Jon couldn’t care what his brother got up to, his old Lord Commander eyes turned to Winterfell’s defenders. It was trained for ceremony, not for the ravages of war. The men were strong, yes, but untested; the banners bore the proud sigils of northern houses, yet the houses themselves had not yet tasted true fire in a long time. The kraken’s fall was many years ago and it was no true war. Just a gang up from all the kingdoms on those seabrain fools. And Robert’s Rebellion… that was a lifetime ago.

Jon’s chest tightened at the thought. “Robb,” he said one morning, as the wind cut across the training yard and the men struggled with wooden swords, “you must prepare. Winterfell must be safe. Uncle Ben mentioned the wildlings are gathering beyond the wall. They must have a King,” he lied right to his teeth as his uncle when he was here made no mention of that even though what he was saying was true.

He learned sometimes people don’t prefer the truth. So its best to give them what they want. “You must train the men as if the enemy is already at the gate.”

Robb grinned, carefree, brushing his dark hair from his face. “Jon, you worry too much. Father will return. The royal family was here recently favouring us. What enemy? We are Stark. We hold Winterfell. That is enough.”

Jon’s eyes narrowed, the frustration clawing at his throat like a wolf trapped behind steel bars. “Enough? Enough is not enough! I’ve seen what comes, Robb! The world is already burning, and you pretend it is winter sunlight. You must train the men, you must marshal the bannermen, you must—”

Robb laughed, soft and unheeding, as if Jon’s words were mere shadows drifting across the courtyard. “You’ve always been morbid, Jon. You’ll live long enough to see the North safe. Trust me.”

Jon slammed his practice sword against the ground, wood splintering under the force. Dust rose in the air, and the men froze, staring at him with wide eyes. He stepped closer, voice low and deadly. “No, Robb. I will not watch the North fall because you erred again at the wrong moment. Listen to me. You will prepare, or all of this”—he gestured at the walls, at the banners snapping proudly in the wind—“will burn. I swear it. I’ve seen it already, and I will not let it happen.”
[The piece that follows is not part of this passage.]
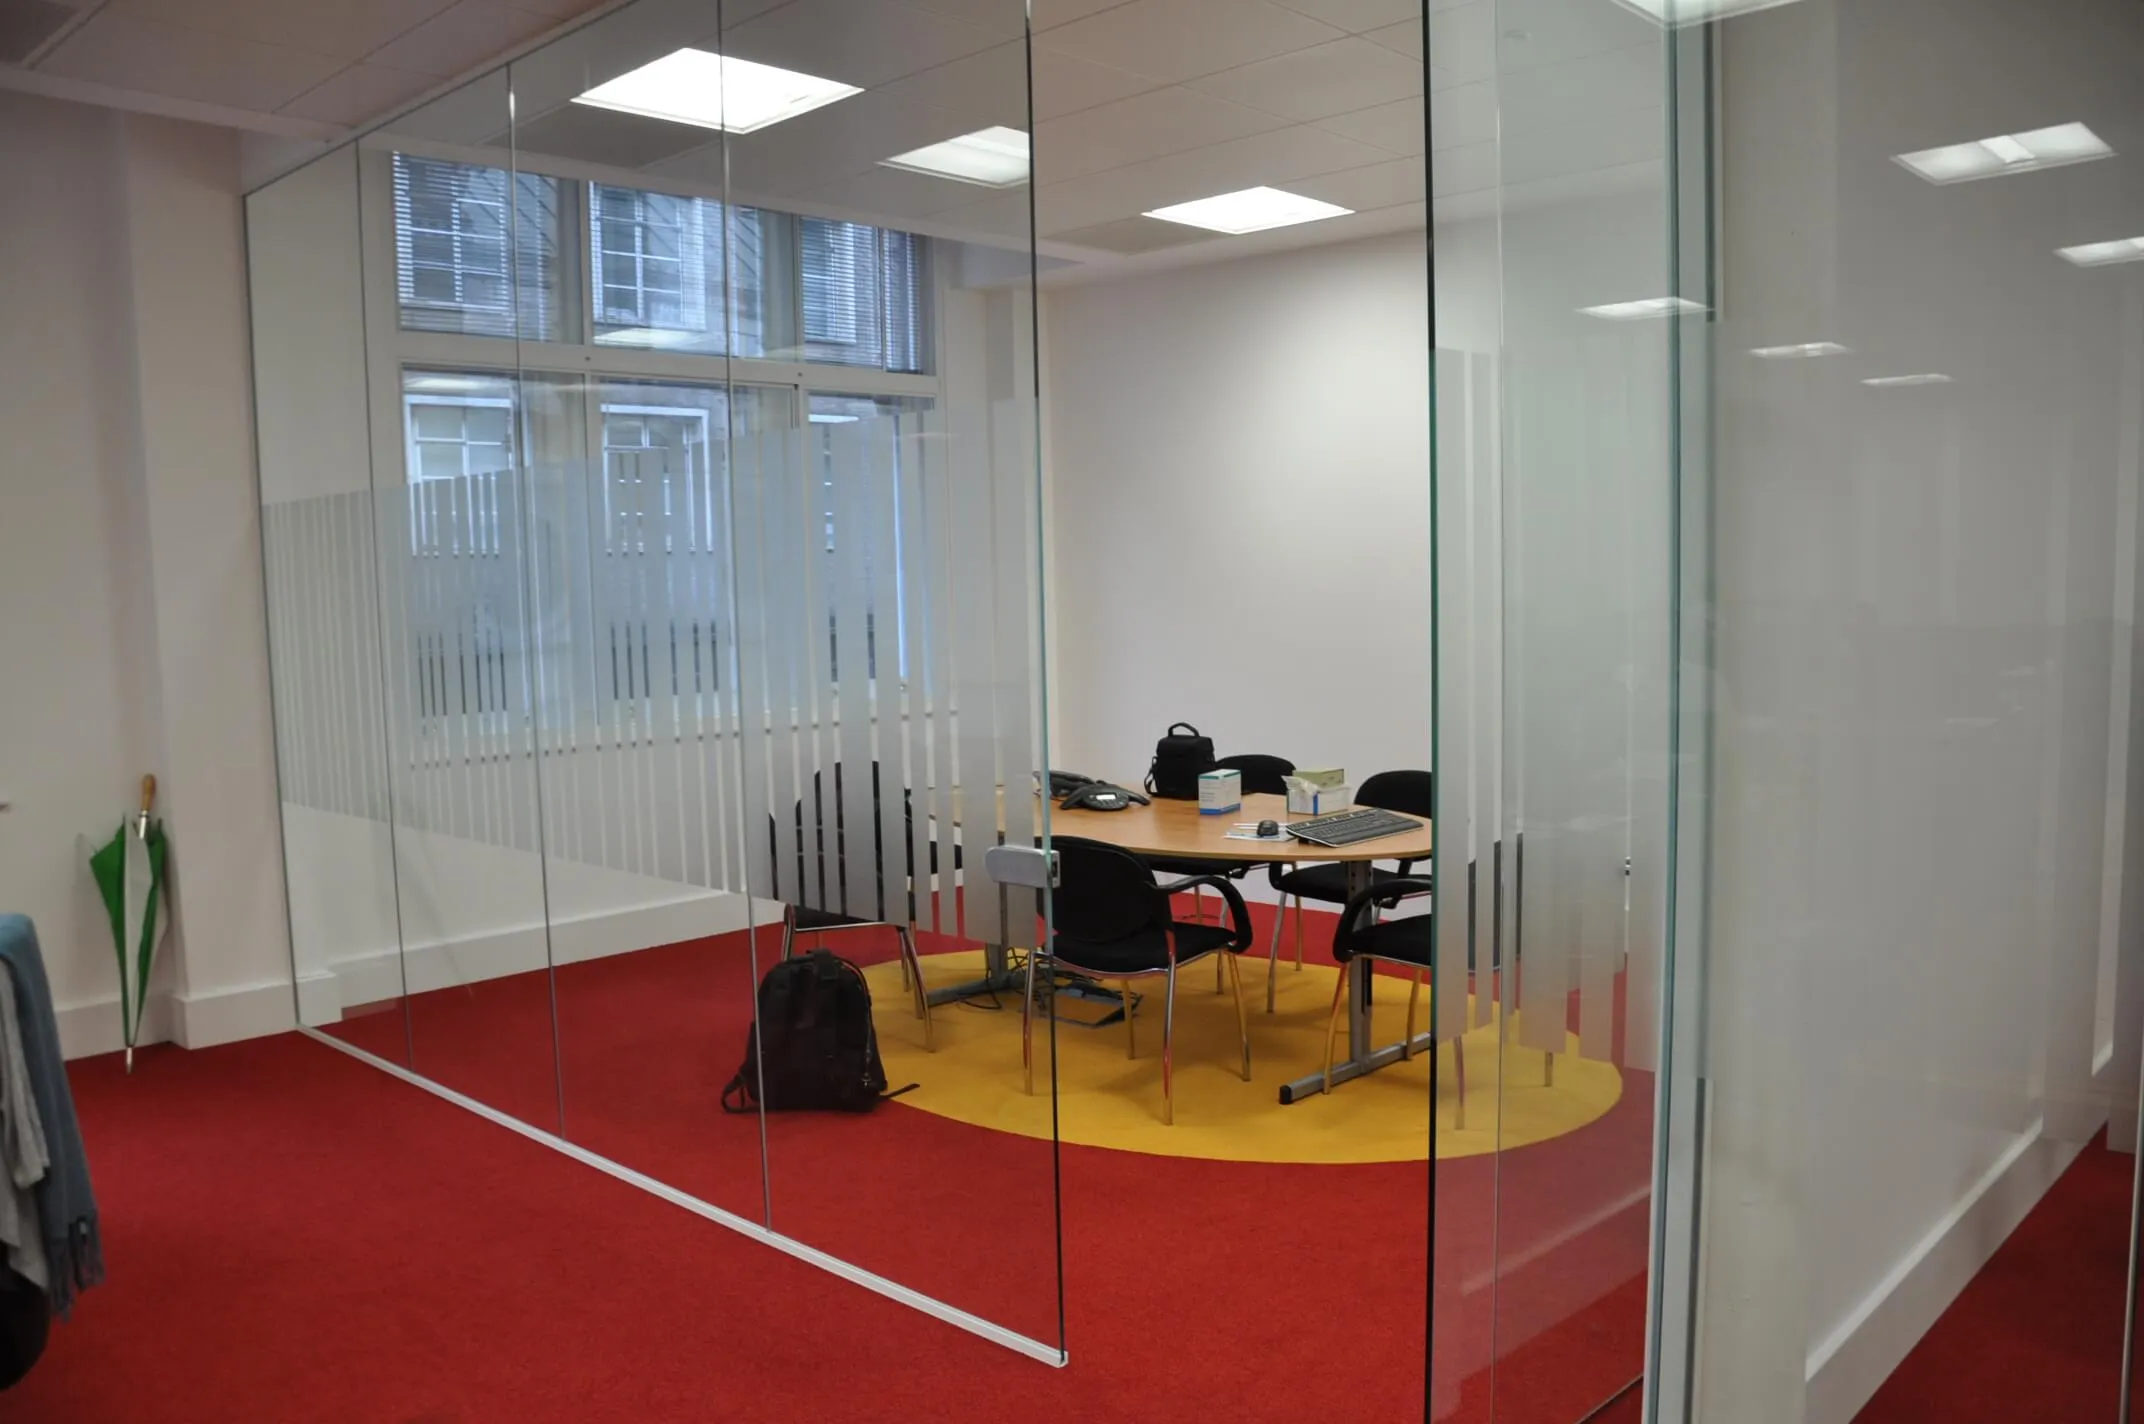 Intuition office meeting space in glass partitions with designer manifestation

The first flicker of doubt crossed Robb’s face. “What troubles you brother, truly? You have not been the same ever since the royal family had arrived.”

Jon knew his brother had the right of it. He was so observed in everything he experienced or dreamed about he even forgot about Bran’s fall. He wasn’t there to prevent his little brother from dropping down from the tower. Still he pressed it further because he knew what was at stake.

“Brother, please. If you have ever trusted me in anything trust me in this. Our men must prepare.”

Robb Stark’s jaw tightened, his hands balled into fists. “Very well, Jon. We will train the men. We will prepare. If trouble comes… I trust your eyes.”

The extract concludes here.